After hearing testimony at our November hearing, Senator Bennet and I are now finalizing a proposal to reduce the number of questions from 108 to 15-25.

 

The former president of Southwest Community College in Memphis told me he believes that he loses 1,500 students each semester because the complexity of the FAFSA discourages them from applying for Tennessee’s free tuition program. 

 

Our proposal would also mean that students are able to apply for financial aid earlier in their senior year and could know about how much college aid they are eligible for and which schools they could afford when they enter high school. 

 

So simplifying the FAFSA will make it easier to apply for a Pell grant, which in turn will help more low-income students unlock money to pay for college.

 

A second way to make college more affordable without appropriating additional dollars is to simplify the existing two grant programs, five loan programs, and nine repayment programs and redirect some of those dollars to higher priorities.
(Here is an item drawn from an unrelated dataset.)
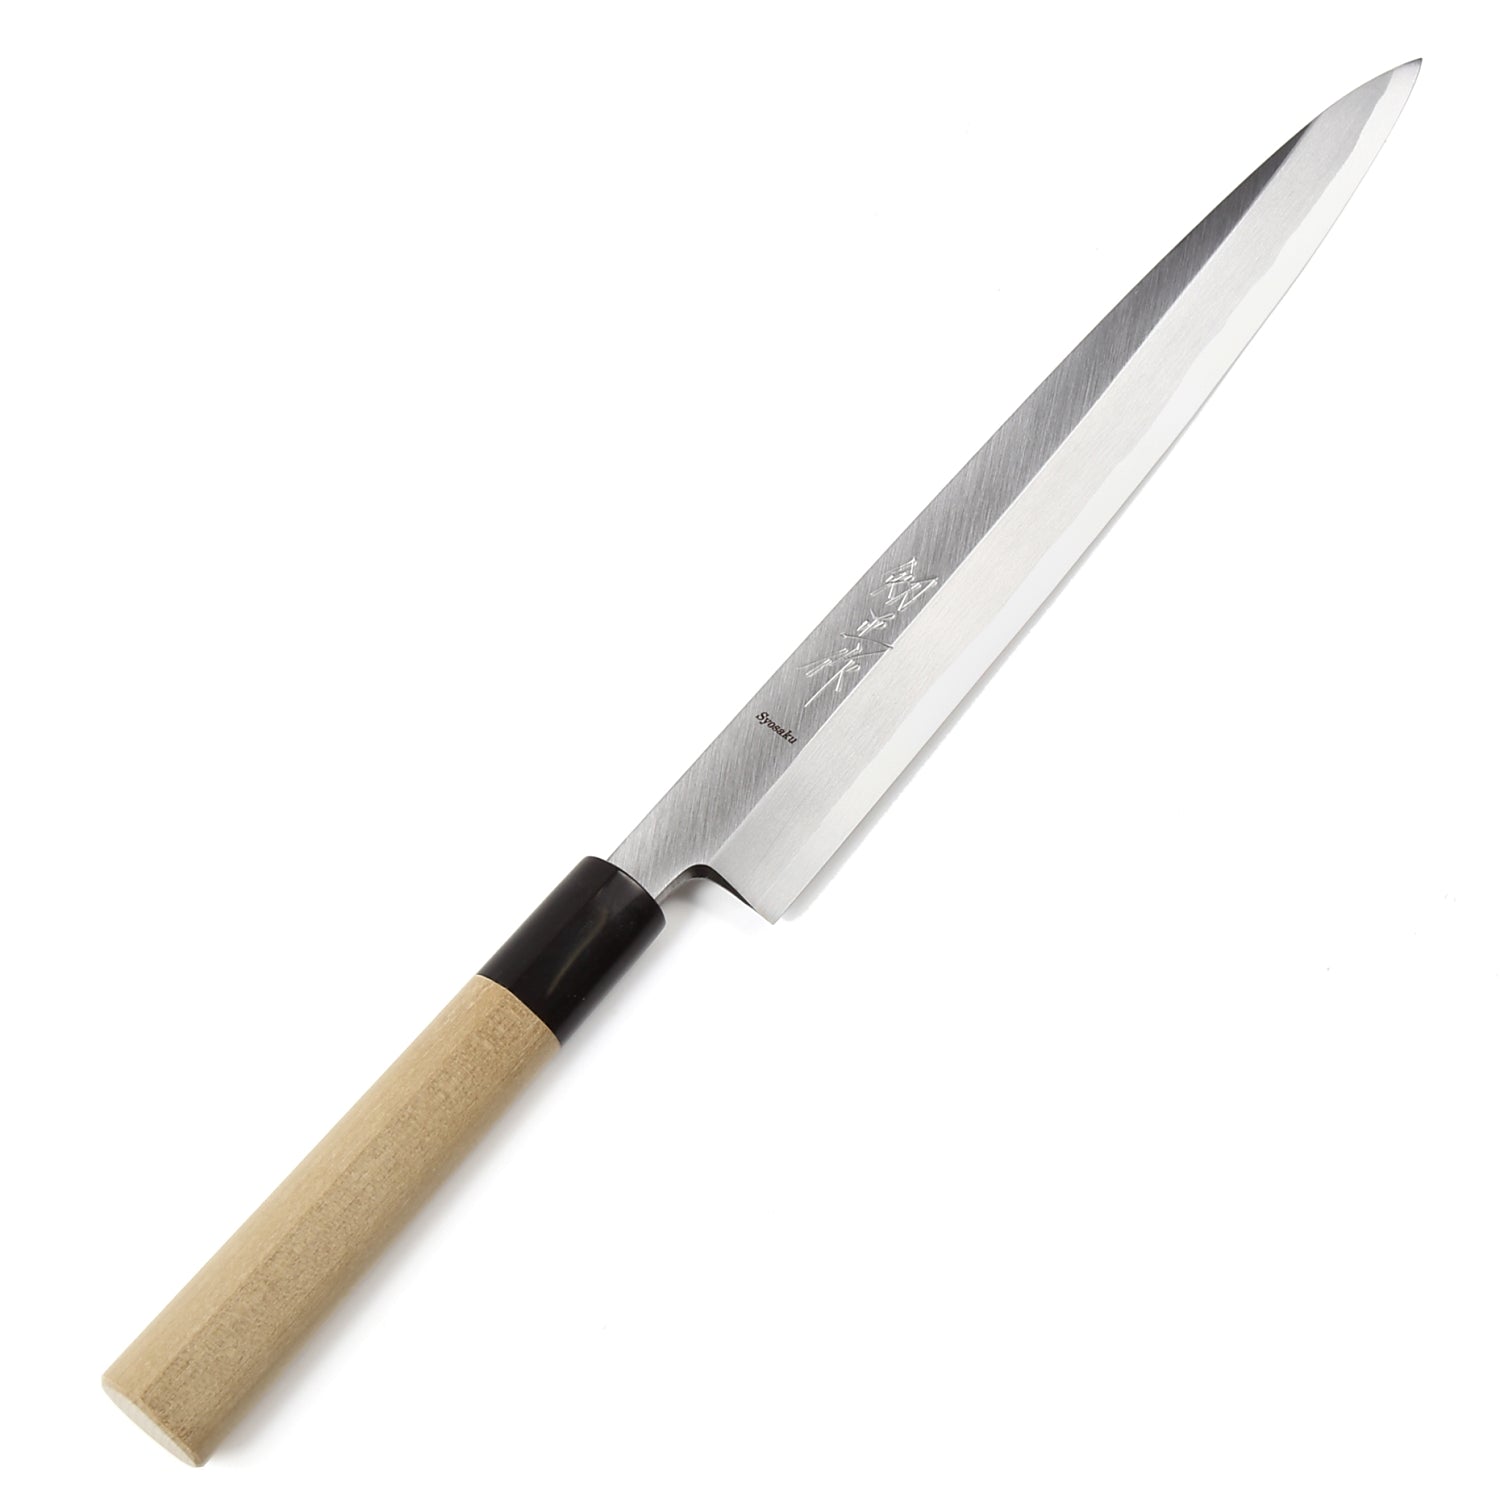 So, which sashimi(sushi) knife is the best?

For example, creating additional Pell grants.

 

This complex system confuses students about aid and repayment options and makes it harder for them to receive the aid that can make college affordable.

 

At our hearing three weeks ago, Dr. Matthew Chingos testified that any money we save from simplifying the student loan system should be put into increasing the number or size of Pell grants. 

 

Third, more competency based education would allow students to more rapidly complete degrees based on knowledge and learning, not time in the classroom. Completing a degree faster saves the student money.

 

Fourth, it makes no sense to spend taxpayer dollars helping students earn degrees that are not worth their time and money.

 

At our hearing last week, witnesses testified that   accountability measures that hold schools accountable for their students’ ability to repay their loans would help make sure college programs are worthwhile and loans are repaid.

 

I believe these are all ways that Congress can make college more affordable. 

 

The Appropriations Committee will consider whether Congress should appropriate more taxpayer dollars for student aid, but in the meantime, Congress can also help students afford college by better spending the $28 billion in grants and $92 billion in loans we spend annually.

 

This would mean simplifying student aid, redirecting existing dollars for more Pell grants, helping students complete their degrees more rapidly, and making colleges more accountable for students repaying loans.

 

I believe that simplifying programs and regulations to make college more affordable and make it easier for students to apply for financial aid and pay back their loans will help higher education become more financially in reach for students.